黙して語らない騎士、王都へ行く。13
試合が終わると、庭園でお茶会に出席したり、騎士団の元へ行く人と、帰る人・・様々だった。
私達は、もちろん庭園へと誘われた・・。
ええーー、行くの〜〜??思いっきり顔に出ていたのだろう・・。ニルギさんが、ぶっと吹き出す。
「騎士だったら、そんな顔をしたらダメだぞ?」
「・・見習いなので、まだ無理ですー」
ニルギさんと私の会話を聞いて、ルピスさんがクスクスと笑う。
ルピスさんも、ルーンさんの警護のために庭園へ向かうので一緒だ。騎士さんに案内してもらうけれど、私の格好もあって注目を浴びている。
「・・隊服着るなんて、信じられないんですかね?」
「普通は、めかしこんでアプローチするからな」
「ああ、なるほど・・・」
ニルギさんは、面白いのかニヤニヤして私を見る。
「後で写真を撮りたいんだが・・」
「私は高いですよ?」
そう言うと、ついに笑い出した・・。失礼な。演習場の入り口に着いて、キラさんに一声かけてから庭園へ行こうとすると、女性陣に囲まれたキラさんがいた。す、すごい!!リアルで囲まれている人、初めて見た!!びっくりしていると、ニルギさんがニヤニヤしながら私を見る。

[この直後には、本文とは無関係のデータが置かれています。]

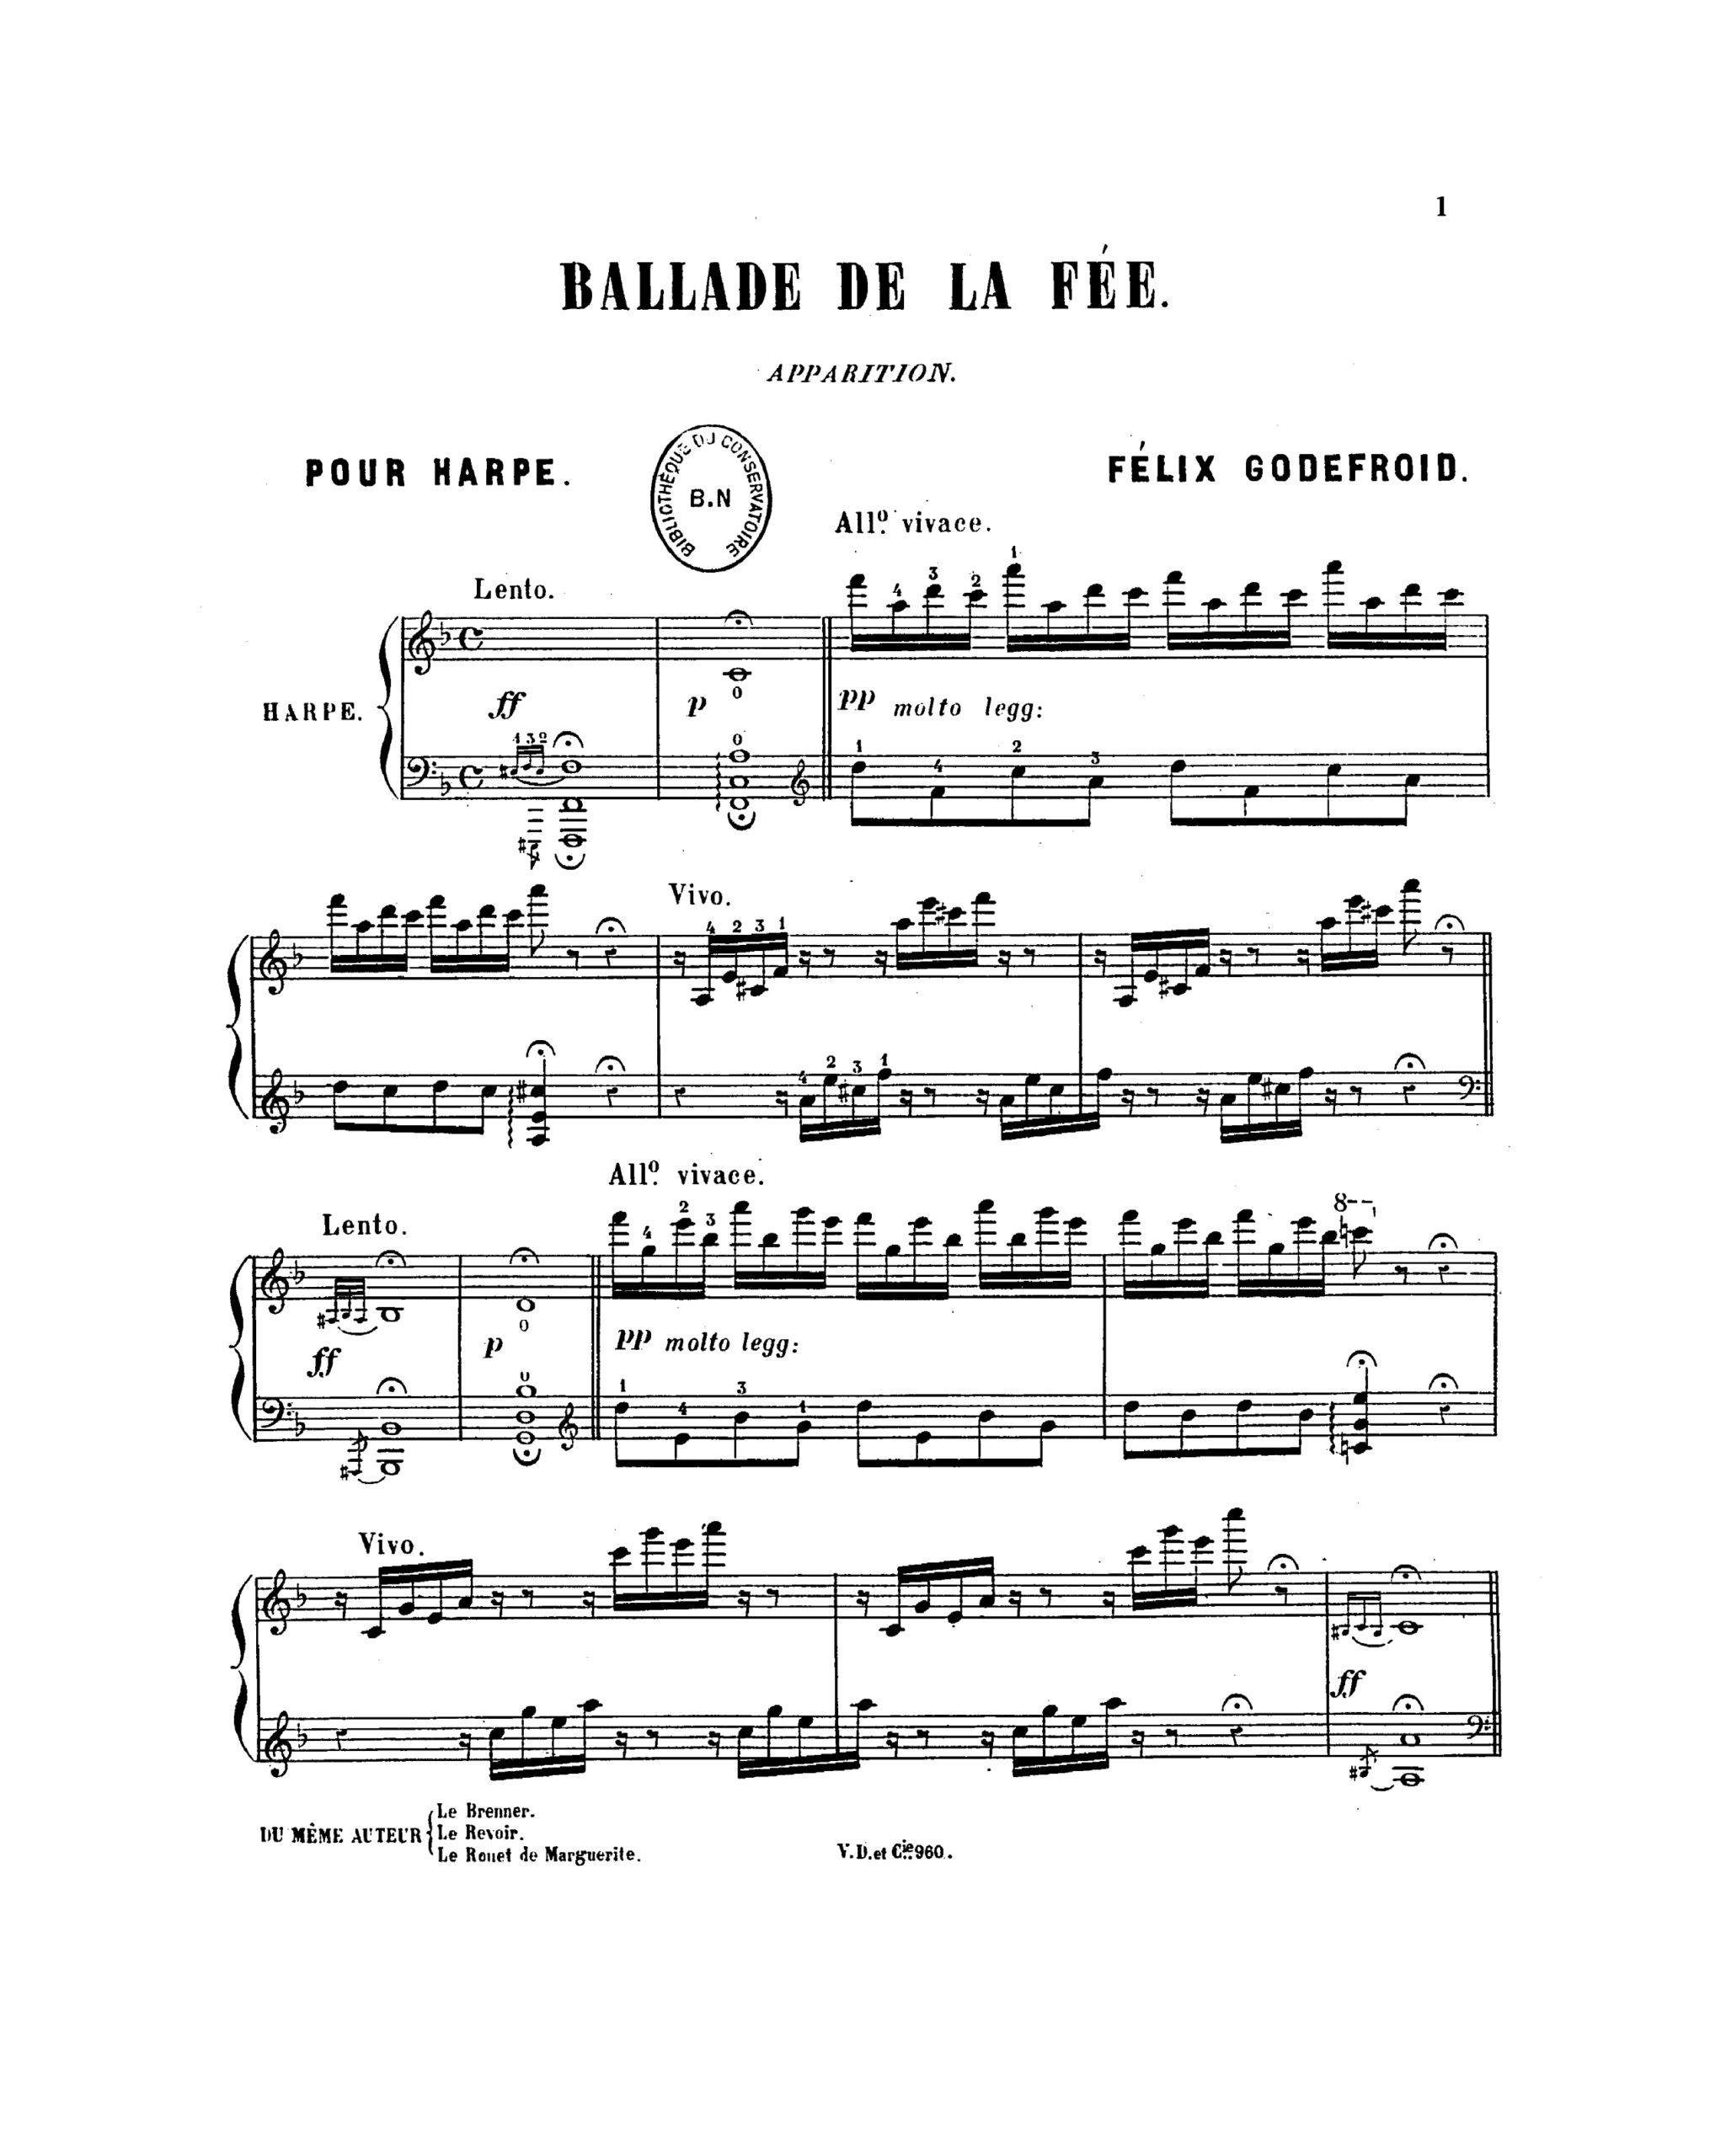 Godefroid-BalladedelaFee_1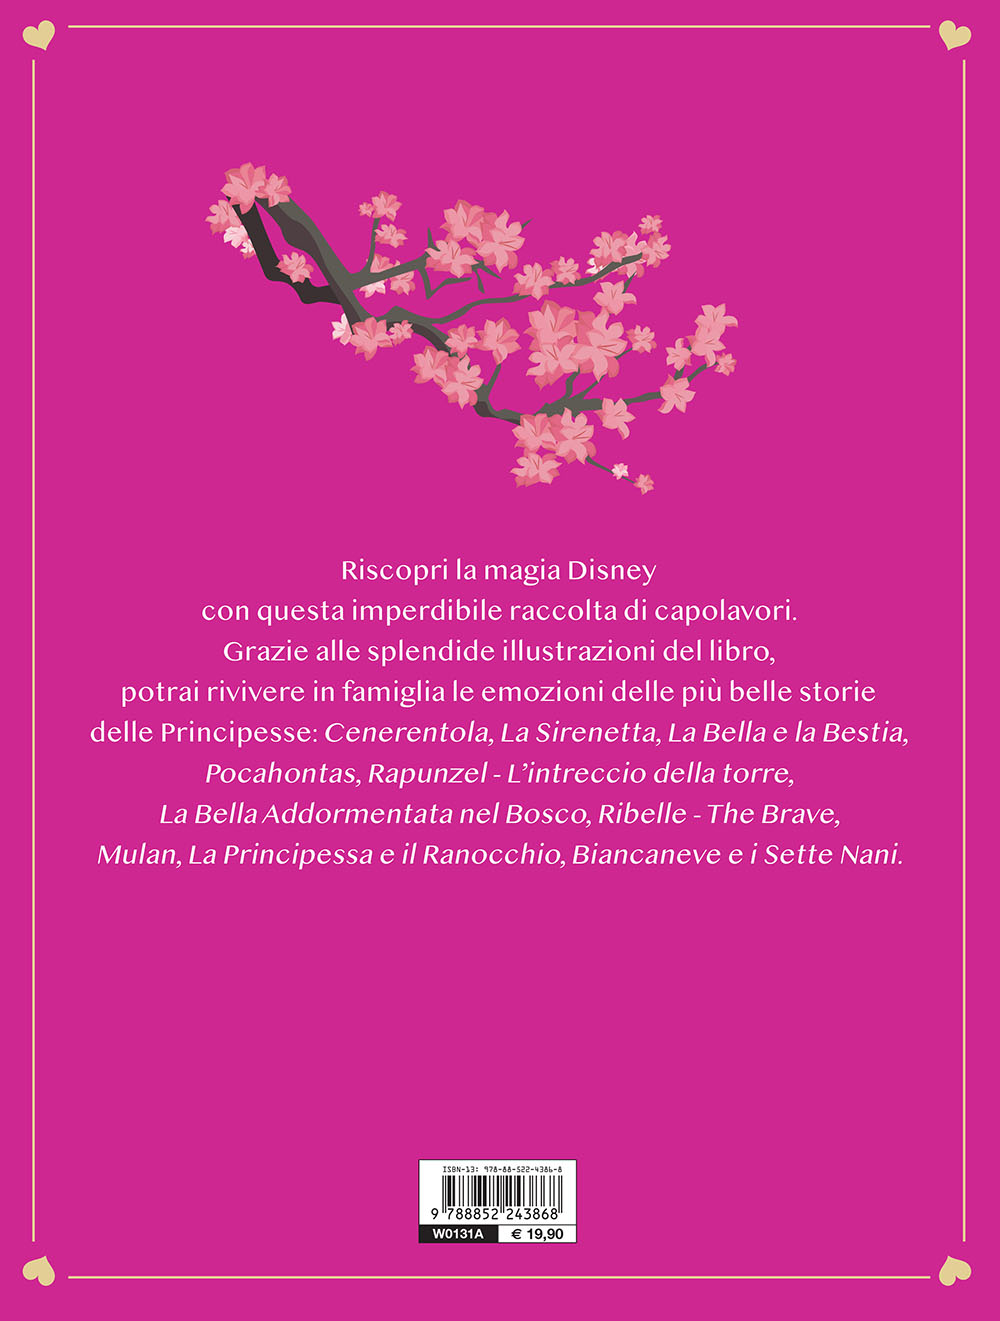 Storie di Principesse - Disney Princess

「・・・騎士のフリして、行ってもみてもいいですかね?」
「面白いから、ぜひ!」
「団長さんに言わないでくださいよ?」
一応、釘を刺してからタタッとキラさんの方へ駆け寄ると、キラさんが私を見つけると、
「仕事が・・」
そう言って、私の元へやって来る。
ちょっと複雑な顔をして、私を見るので私は面白くなってしまって、ニコニコだ。
「・・・ナル、その格好・・」
「えへへ〜〜!どうですか?似合いますか?団長さんに貰って、こっそり持ってきたんですよー!」
ヘラっと笑って、敬礼をしてみた。
「お迎えにあがりました!この後、どうしますか?」
キラさんは、ふっと小さく笑って私の頭に手を置くと、耳元に顔を寄せる。
「・・姫と、お茶会へ」
低い声で囁くから、思いっきり後ろへ後ずさった。いきなりの低音ボイスはやめて頂きたい所存です!!顔が赤いのであろう私をキラさんは少し見つめると、支度をするから一緒に来て欲しいと言うので、ニルギさん達に後からキラさんと行く事を伝えて、先に行ってもらった。
ニルギさん達に伝えて、キラさんに駆け寄っていく私をキラさんがじっと見ている。何かあったのかな?
「キラさん、どうかしました?」
キラさんは、そっと私の手を繋ぐと、後ろで女性陣の悲鳴が聞こえる。おおー・・、すごいなぁ・・。目を丸くする私を、気にせずキラさんは手を引っ張っていく。
演習場の控え室だろうか、そこへ一緒に入っていくと、キラさんは扉を閉めて私を見る。
「・・・何か、怪我はないか?」
「へ?怪我?何もないですよ?」
「・・・ドレスは・・」
「ああ、ええと・・ちょっとぶつかっちゃって・・汚しちゃって」
と、言っておかないと恐ろしい事が起きそうで・・。
ここは、全力で誤魔化します。
少し眉を下げて私を見るキラさんは、多分わかってるだろうけど・・。今回はせっかくのお祝いの席だし、事を荒立てたくないし・・。
そう思っていると、キラさんがそっと抱きしめてきたので、そういえば勝ったのに何も言ってない事を思い出して、ちょっと私も抱きしめてキラさんを見上げる。
「・・キラさん、試合すごく格好良かったです!えっと、おめでとうございます・・」
キラさんは、私の一言ではっとする。
いや、今思い出したでしょ?言われるまで、私の事で頭いっぱいだったでしょ?
思わず、笑ってしまって・・キラさんが複雑な顔をする。ごめーん。
キラさんは笑う私の顎を掴んで、ちょっと上に向けると、チュッとキスする。
「き、キラさん!!」
「優勝祝い」
「い、いきなりとかは・・」
びっくりするんですけど?って思ってキラさんを見ると、少し面白そうに私を見る。照れてる私なんて、いつも見てるのに・・。キラさんはぎゅっと更に密着してきて、私の顎を掴んで離さない。う、うわわ・・
「・・もう一度」
無理!!格好いいから無理!!
そんな言葉は、結局キスで塞がれてしまう結果となった・・。